**Data records**
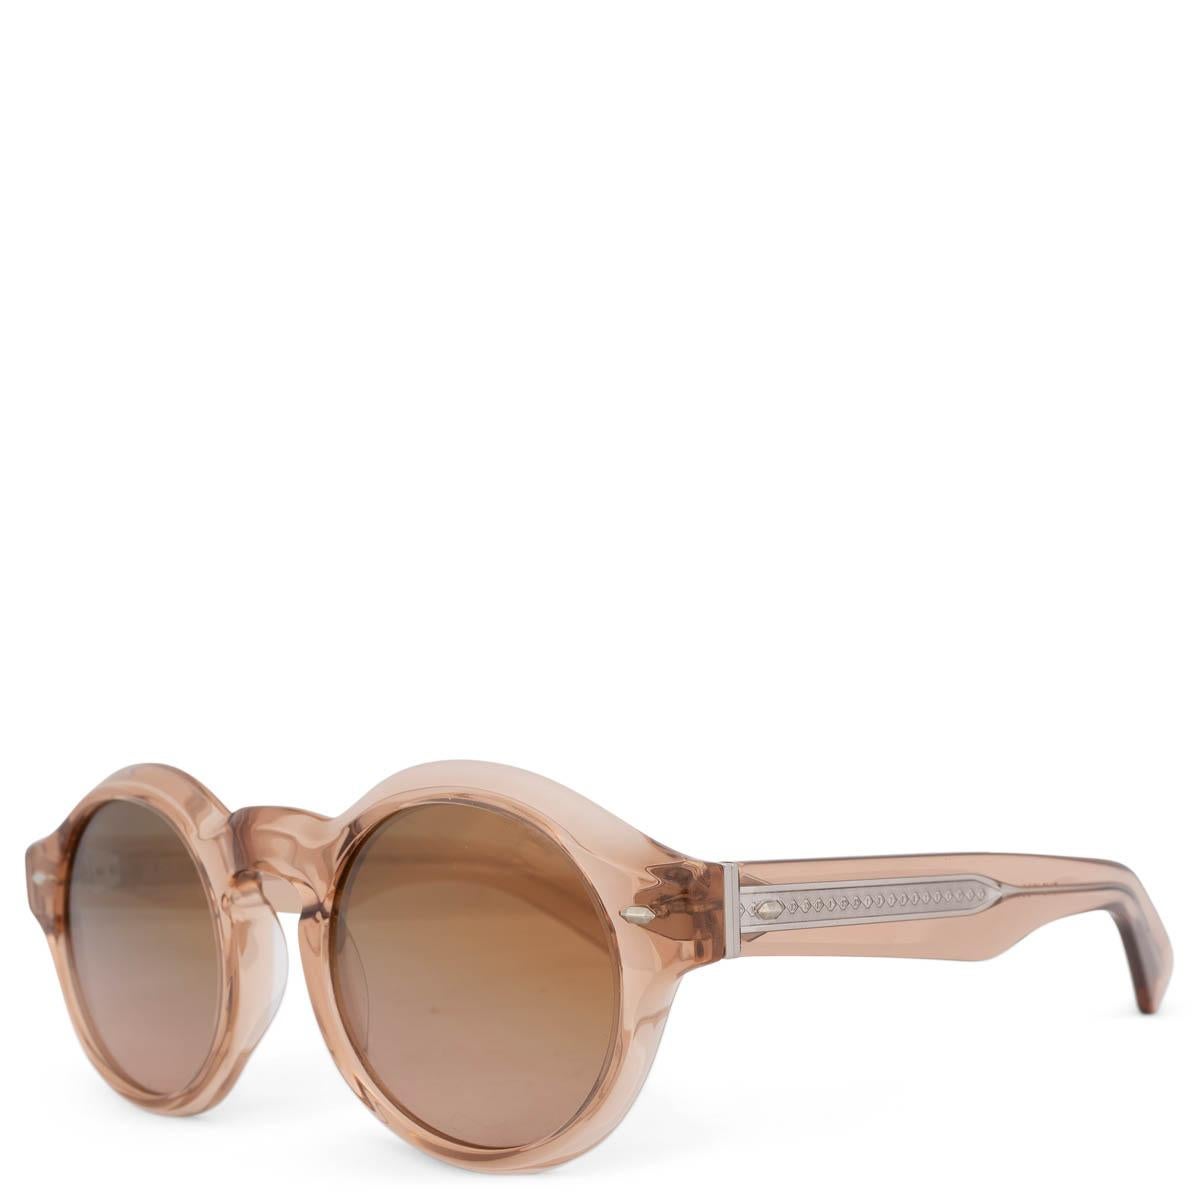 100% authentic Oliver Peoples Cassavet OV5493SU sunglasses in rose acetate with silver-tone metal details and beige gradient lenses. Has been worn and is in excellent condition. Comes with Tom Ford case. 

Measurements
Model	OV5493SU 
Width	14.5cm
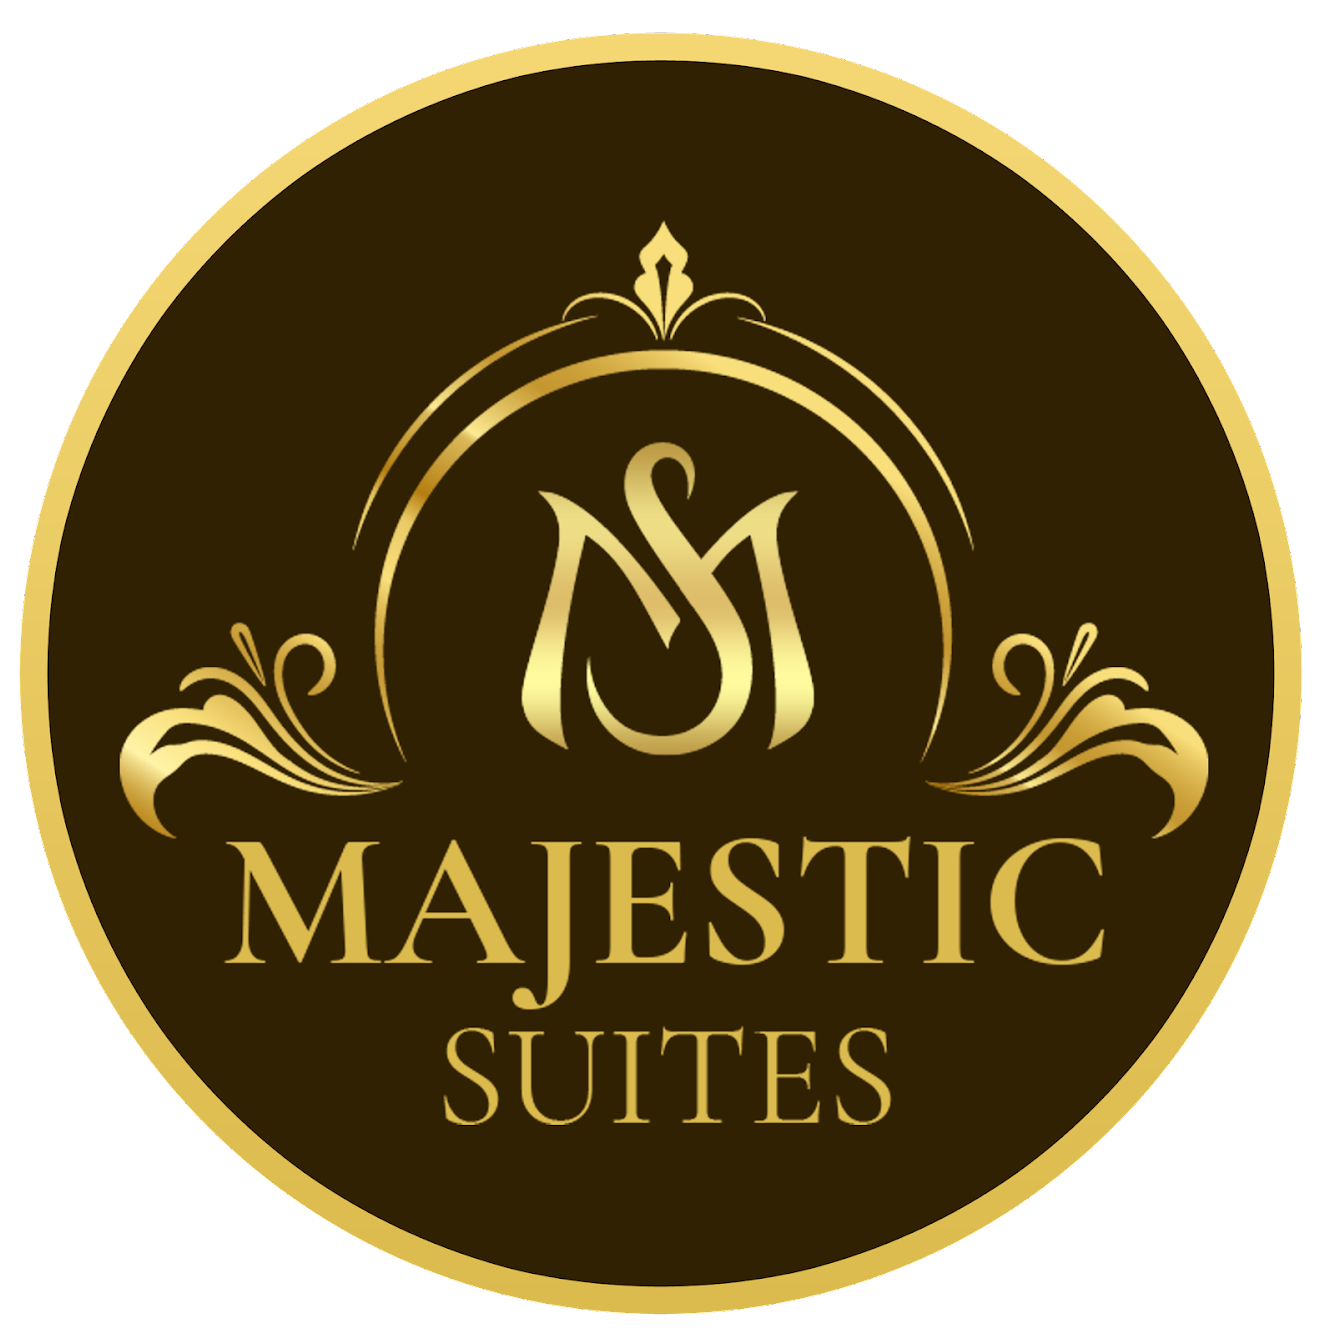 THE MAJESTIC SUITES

**What is required**
Repeat, exactly and in full, every entry in the data, but not the pictures.

**Solution to the problem**
 100% authentic Oliver Peoples Cassavet OV5493SU sunglasses in rose acetate with silver-tone metal details and beige gradient lenses. Has been worn and is in excellent condition. Comes with Tom Ford case. 

Measurements
Model	OV5493SU 
Width	14.5cm
 THE MAJESTIC SUITES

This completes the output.